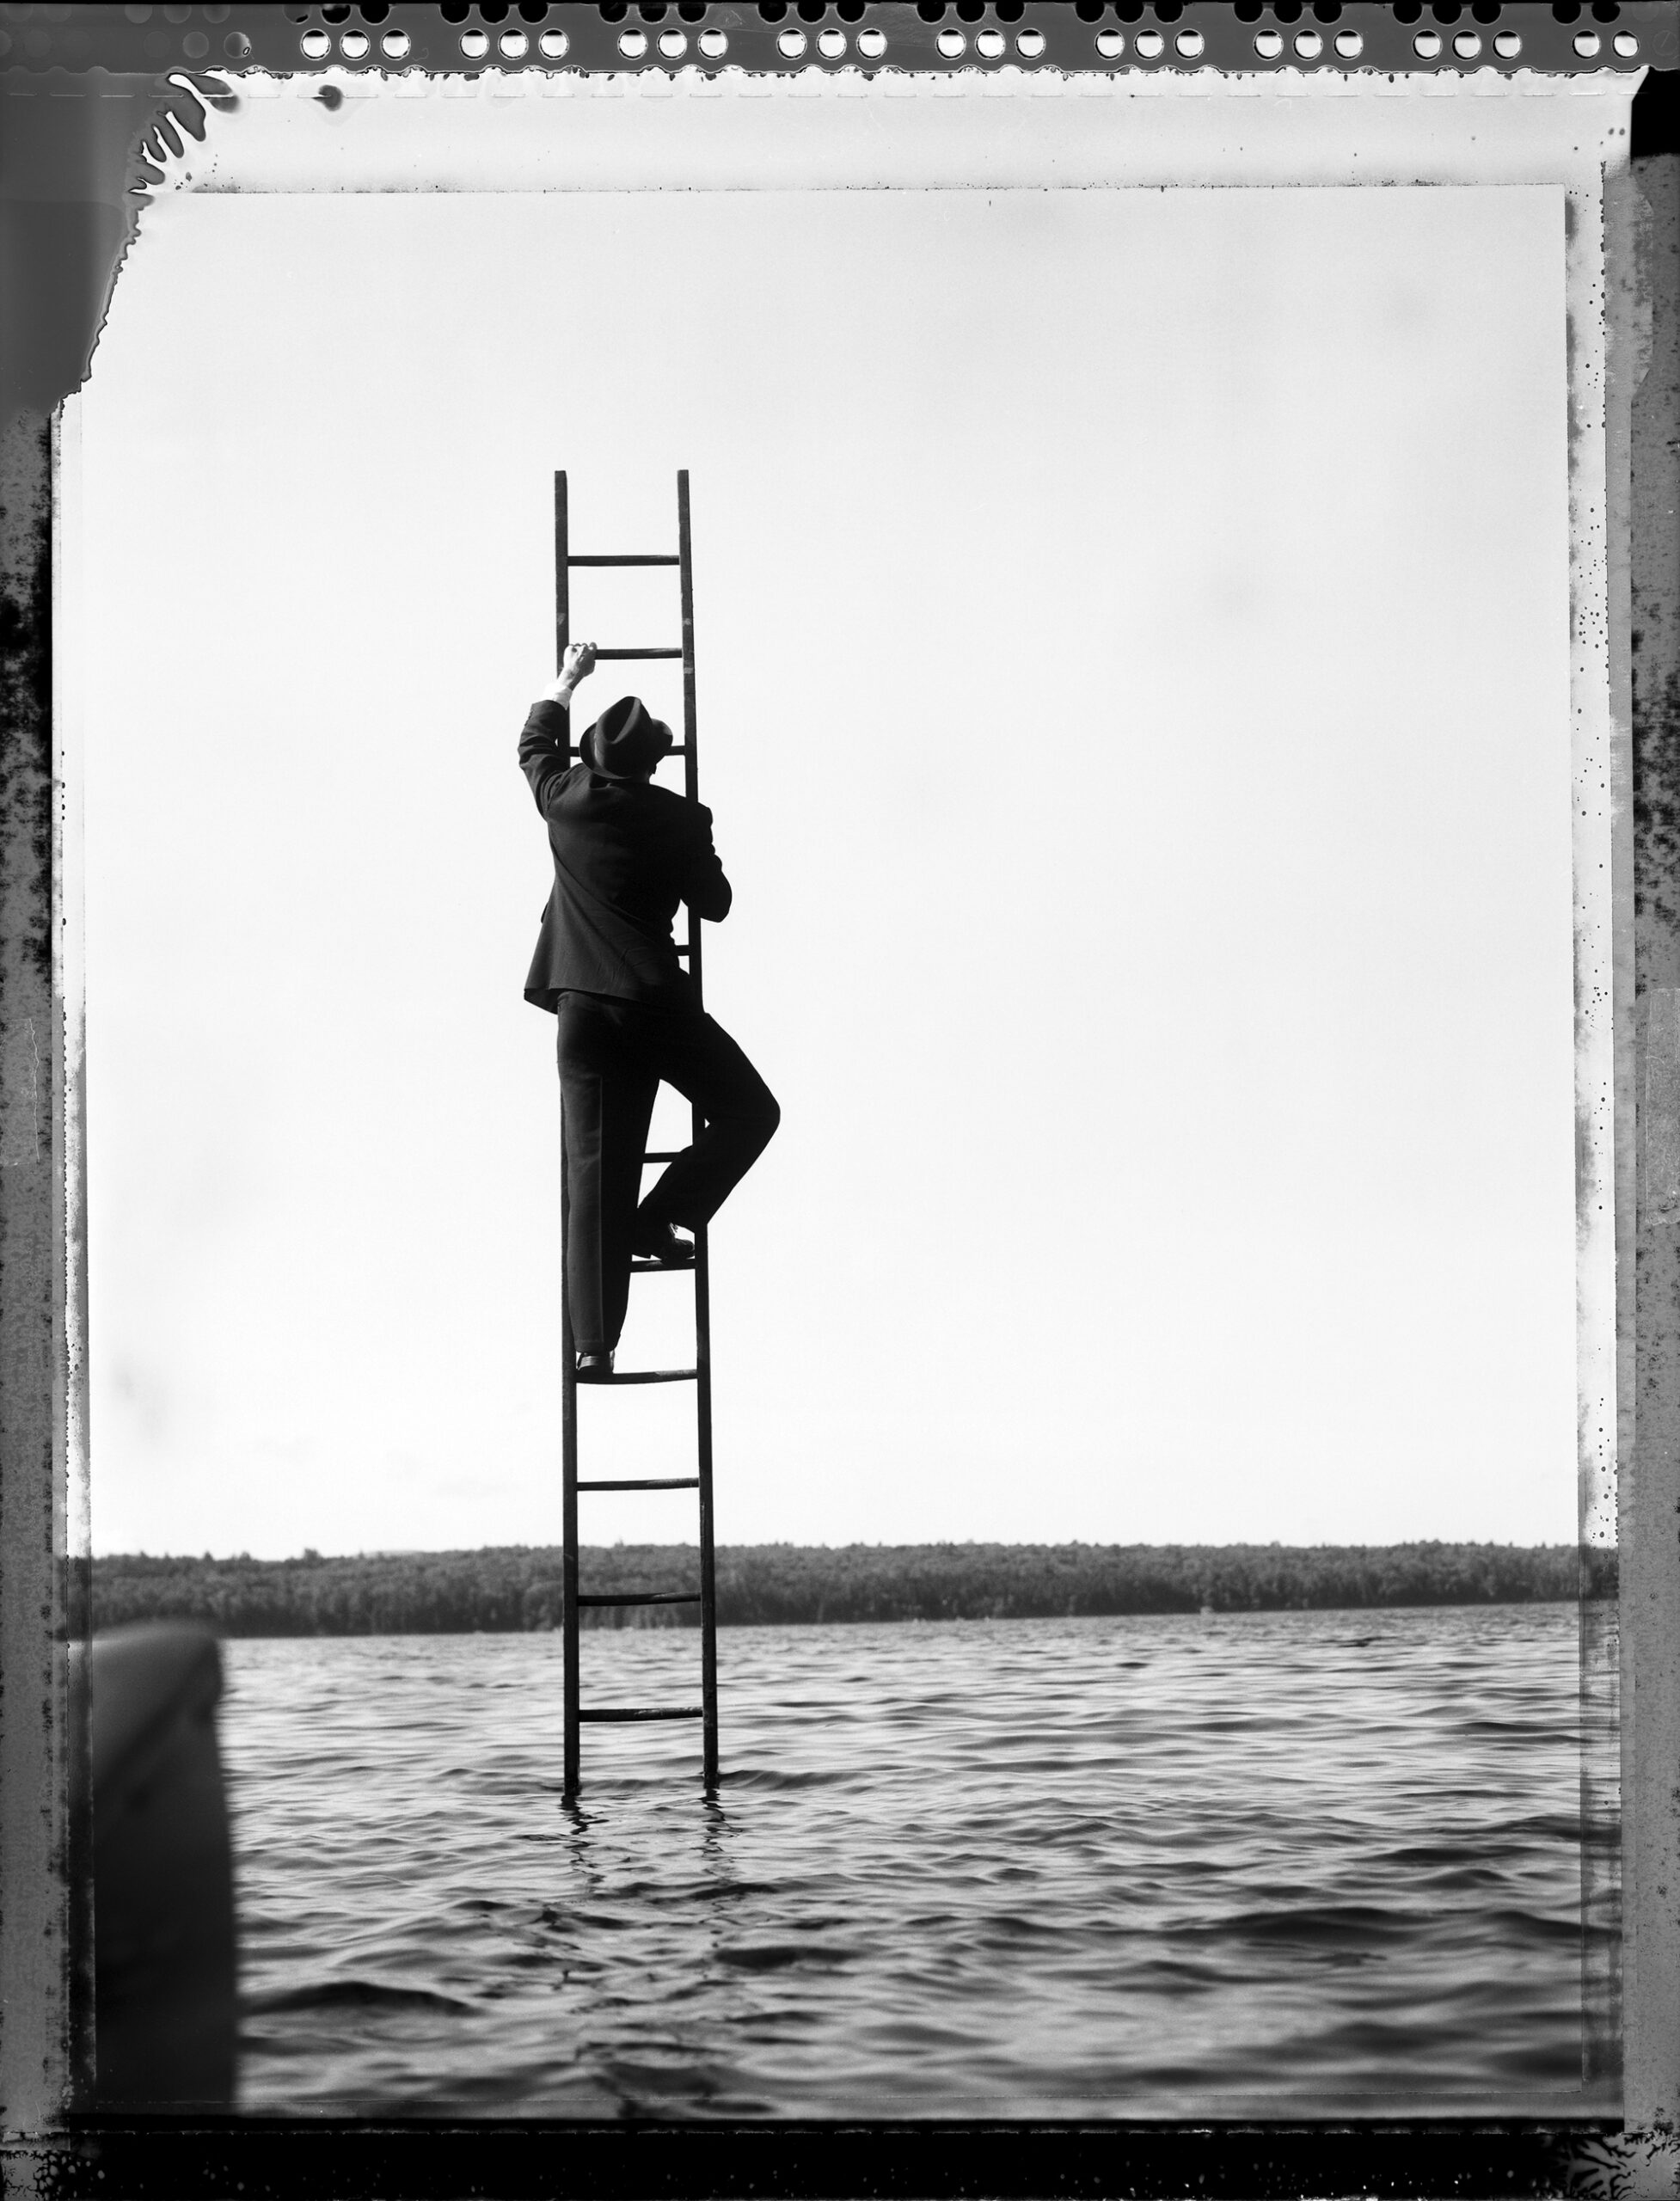 A man in a suit and hat on a ladder in the sea.
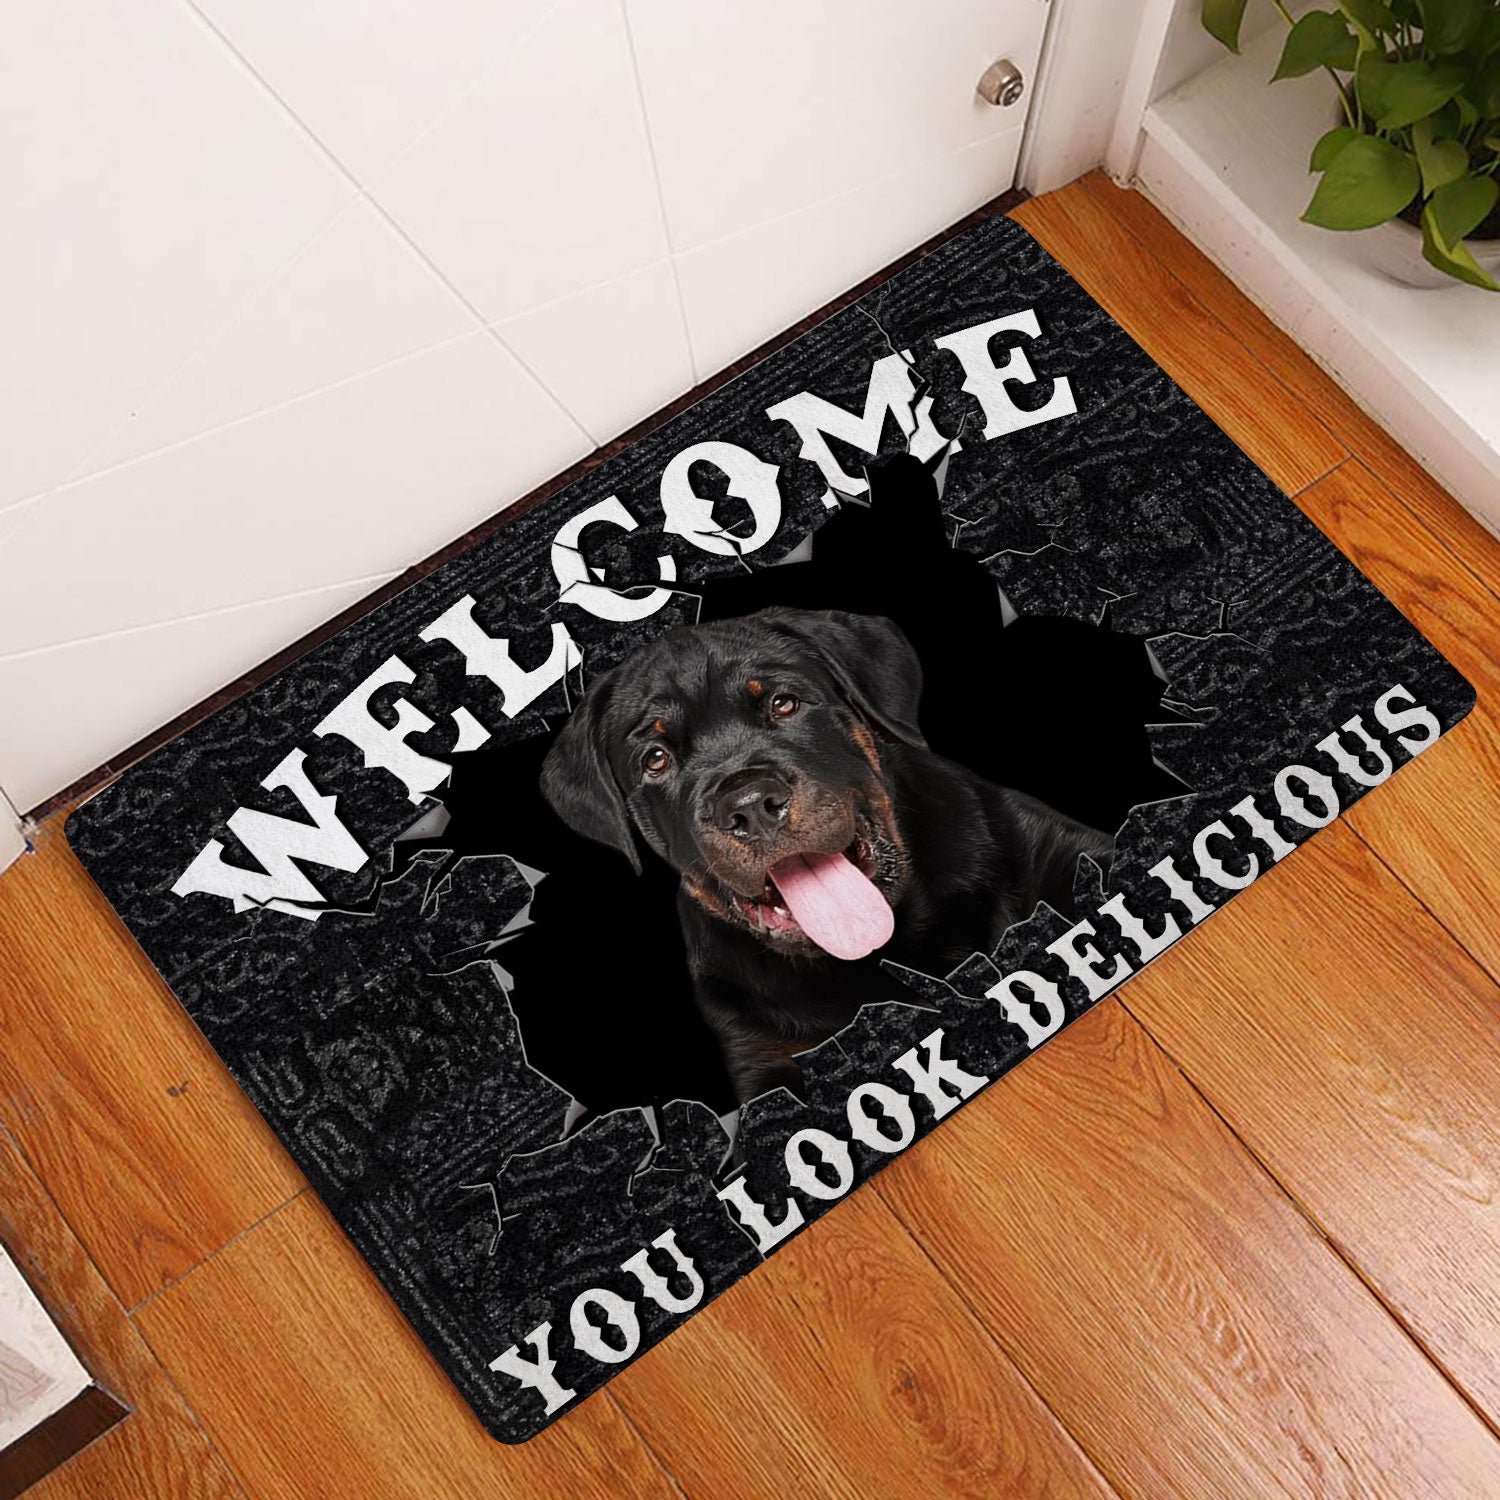 Ohaprints-Doormat-Outdoor-Indoor-Funny-Rottweiler-Dog-Welcome-You-Look-Delicious-Dog-Lover-Gift-Rubber-Door-Mat-168-
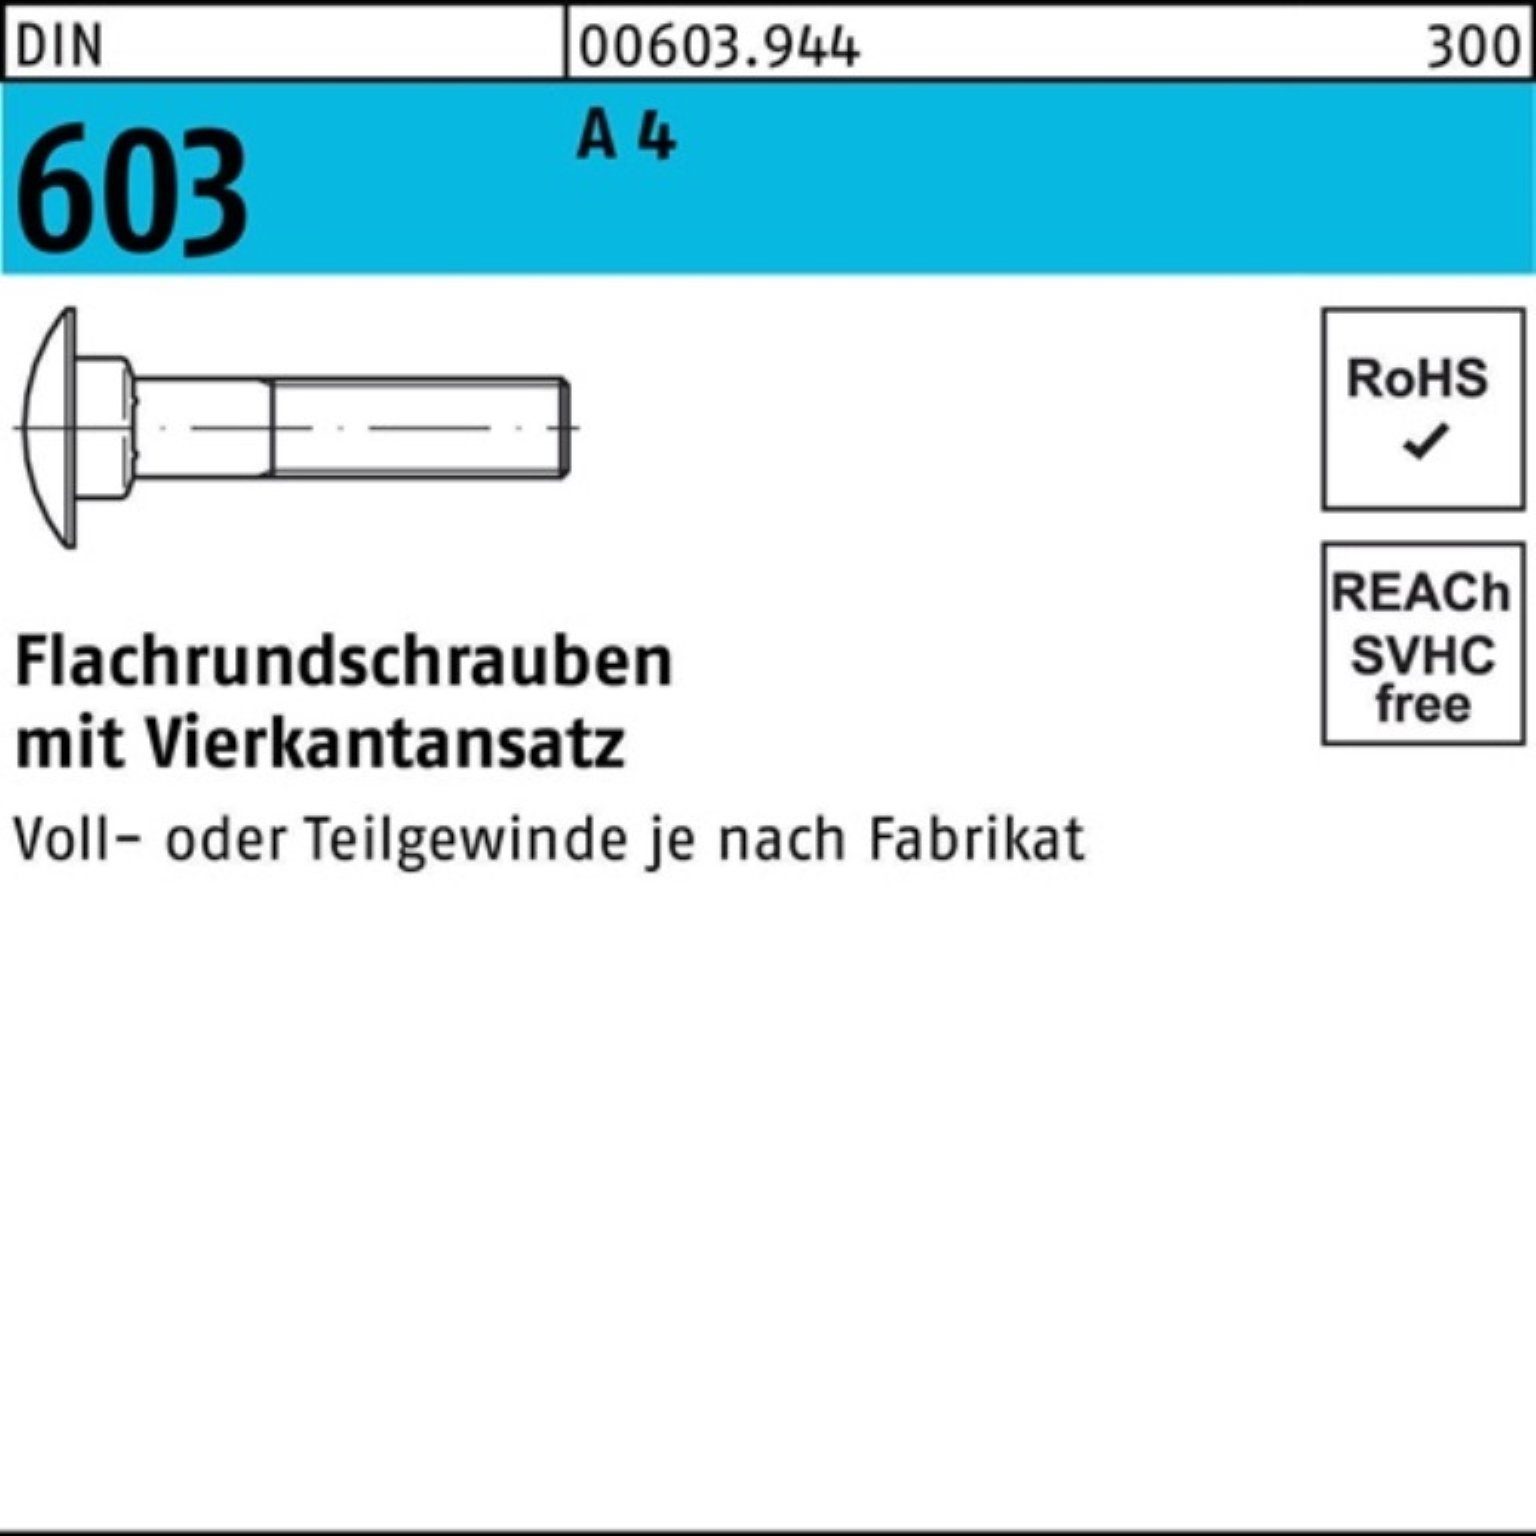 Reyher Schraube 100er Pack Flachrundschraube DIN 603 Vierkantansatz M16x 70 A 4 1 Stü

Exercise details>
Everything in the listing should be repeated exactly except the pictures.

Response>
 A man in a suit and hat on a ladder in the sea.
 Ohaprints-Doormat-Outdoor-Indoor-Funny-Rottweiler-Dog-Welcome-You-Look-Delicious-Dog-Lover-Gift-Rubber-Door-Mat-168-
 Reyher Schraube 100er Pack Flachrundschraube DIN 603 Vierkantansatz M16x 70 A 4 1 Stü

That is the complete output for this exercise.